Does C have constexpr?

No, no such thing exists in C.

How do I know if a function is constexpr?

The easiest way to check whether a function (e.g., foo ) is constexpr is to assign its return value to a constexpr as below: constexpr auto i = foo(); if the returned value is not constexpr compilation will fail.

Is constexpr guaranteed?

A constexpr function that is eligible to be evaluated at compile-time will only be evaluated at compile-time if the return value is used where a constant expression is required. Otherwise, compile-time evaluation is not guaranteed.


5 Answers

I once wrote it (EDIT: see below for limitations and explanations). From https://stackoverflow.com/a/10287598/34509 :

template<typename T> 
constexpr typename remove_reference<T>::type makeprval(T && t) {
  return t;
}

#define isprvalconstexpr(e) noexcept(makeprval(e))

However there are many kinds of constant expressions. The above answer detects prvalue constant expressions.


Explanation

The noexcept(e) expression gives false iff e contains

  • a potentially evaluated call to a function that does not have a non-throwing exception-specification unless the call is a constant expression,
  • a potentially evaluated throw expression,
  • a potentially evaluated throwable form of dynamic_cast or typeid.

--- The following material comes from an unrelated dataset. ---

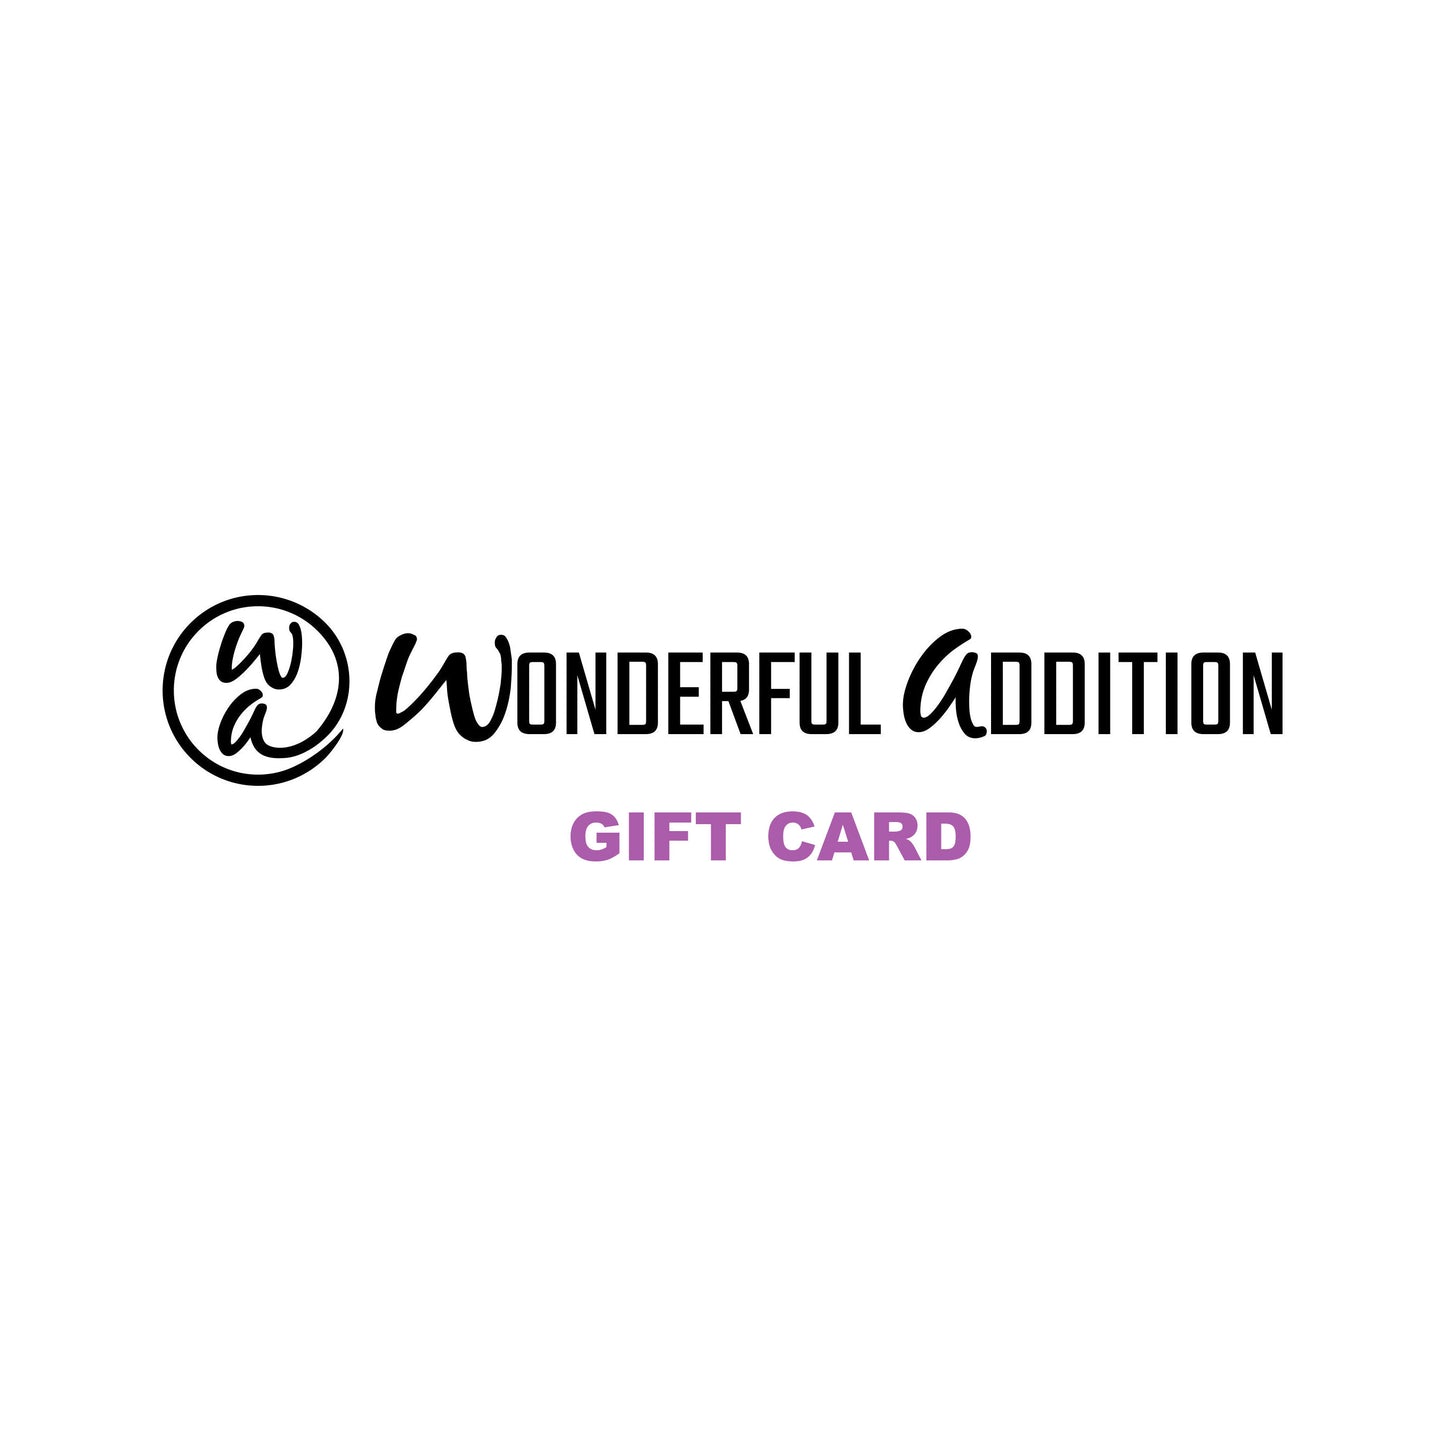 Gift Cards - $15.00 - Wonderful Addition
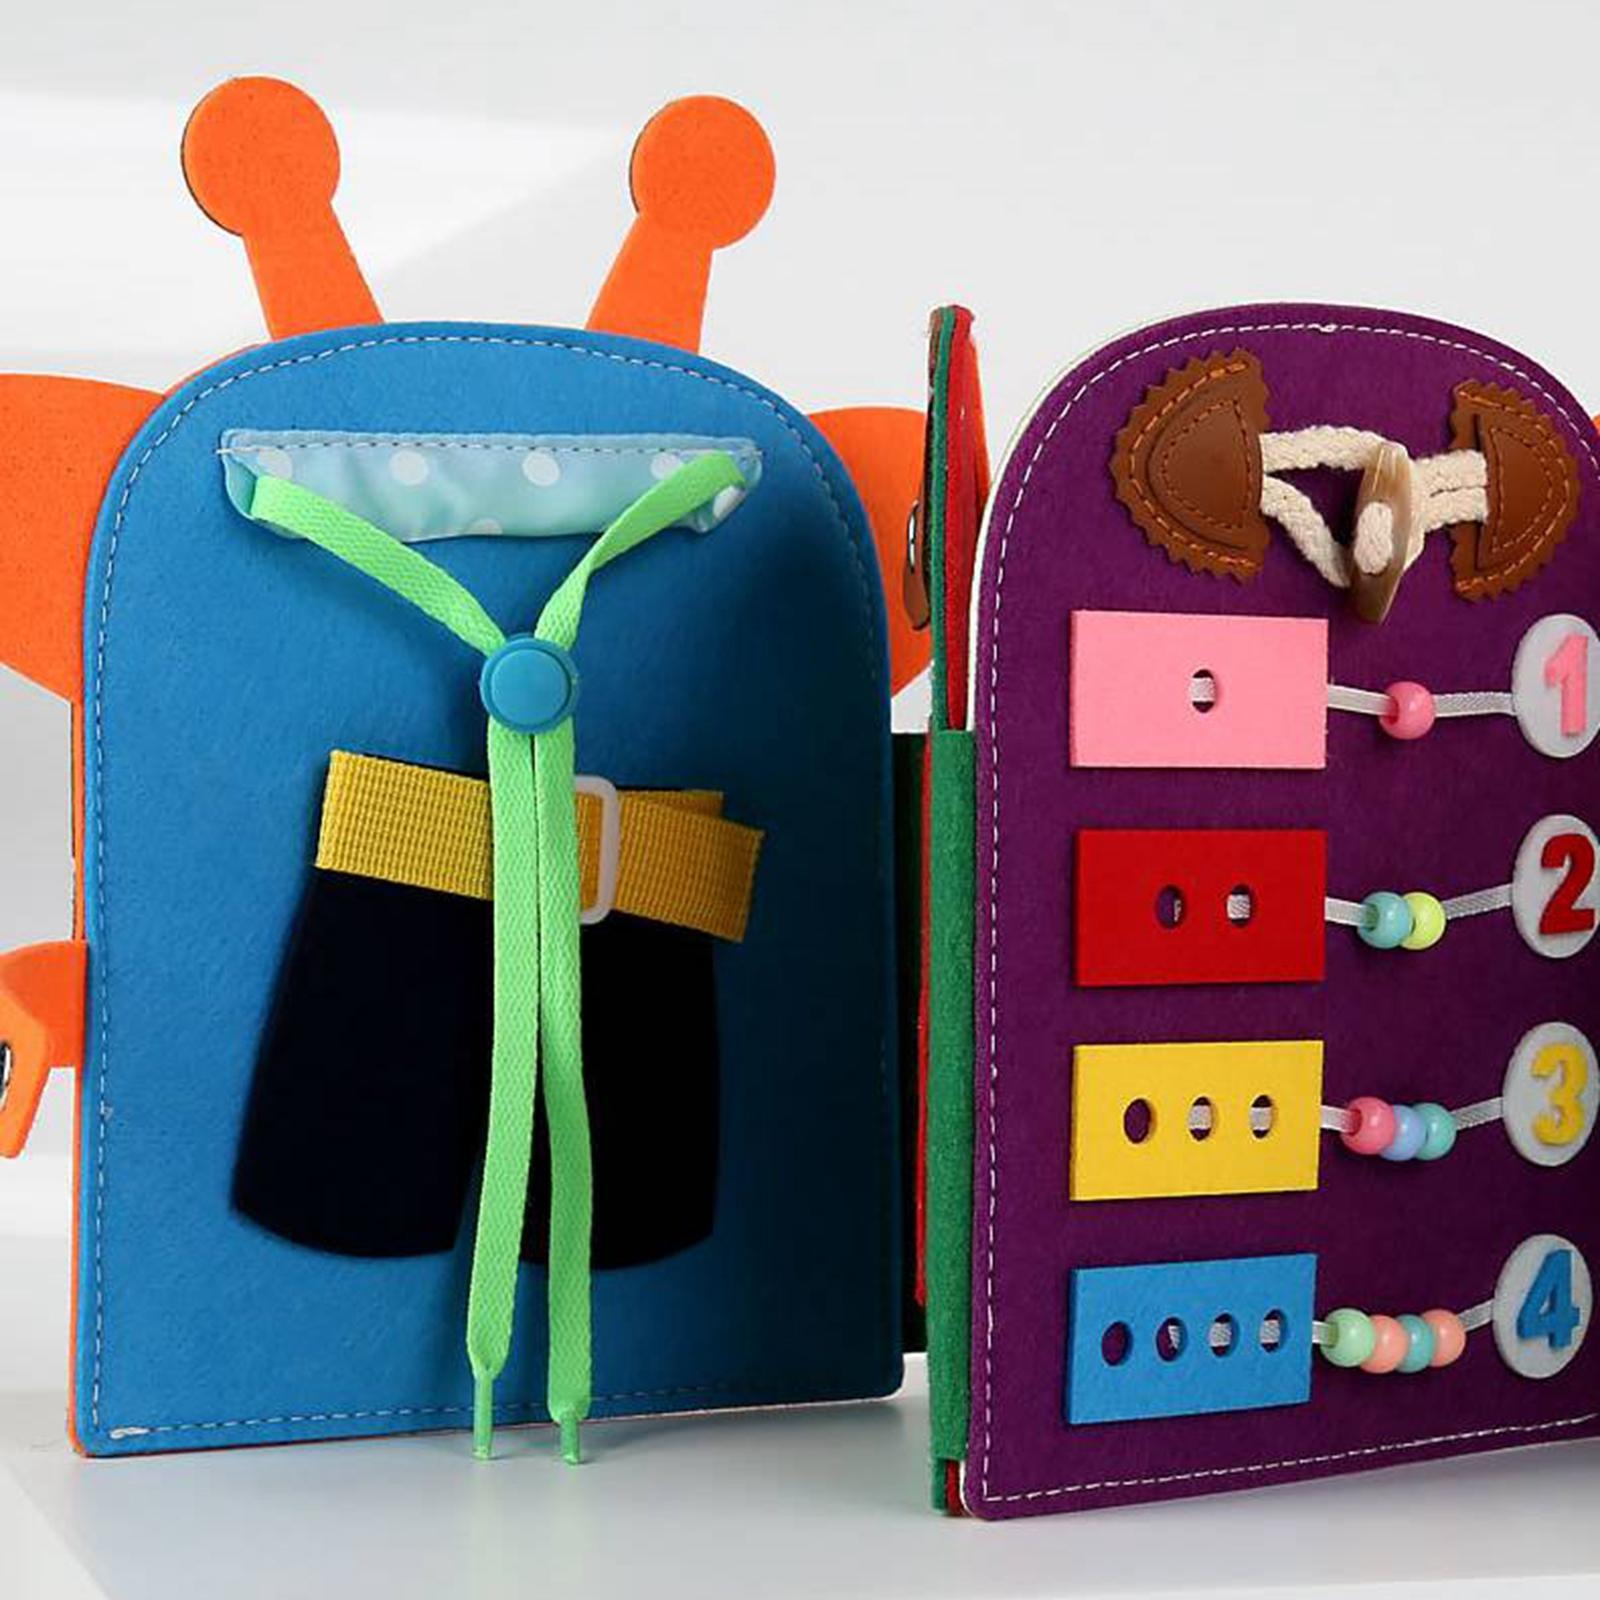 Montessori Busy Board Learning Activity Toy Sensory Board for Preschool Kids

Note that the function template makeprval is not declared noexcept, so the call needs to be a constant expression for the first bullet not to apply, and this is what we abuse. We need the other bullets to not apply aswell, but thanksfully, both a throw and a throwable dynamic_cast or typeid aren't allowed in constant expressions aswell, so this is fine.

Limitations

Unfortunately there is a subtle limitation, which may or may not matter for you. The notion of "potentially evaluated" is much more conservative than the limits of what constant expressions apply. So the above noexcept may give false negatives. It will report that some expressions aren't prvalue constant expressions, even though they are. Example:

constexpr int a = (0 ? throw "fooled!" : 42);
constexpr bool atest = isprvalconstexpr((0 ? throw "fooled!" : 42));

In the above atest is false, even though the initialization of a succeeded. That is because for being a constant expression, it suffices that the "evil" non-constant sub-expressions are "never evaluated", even though those evil sub-expressions are potentially-evaluated, formally.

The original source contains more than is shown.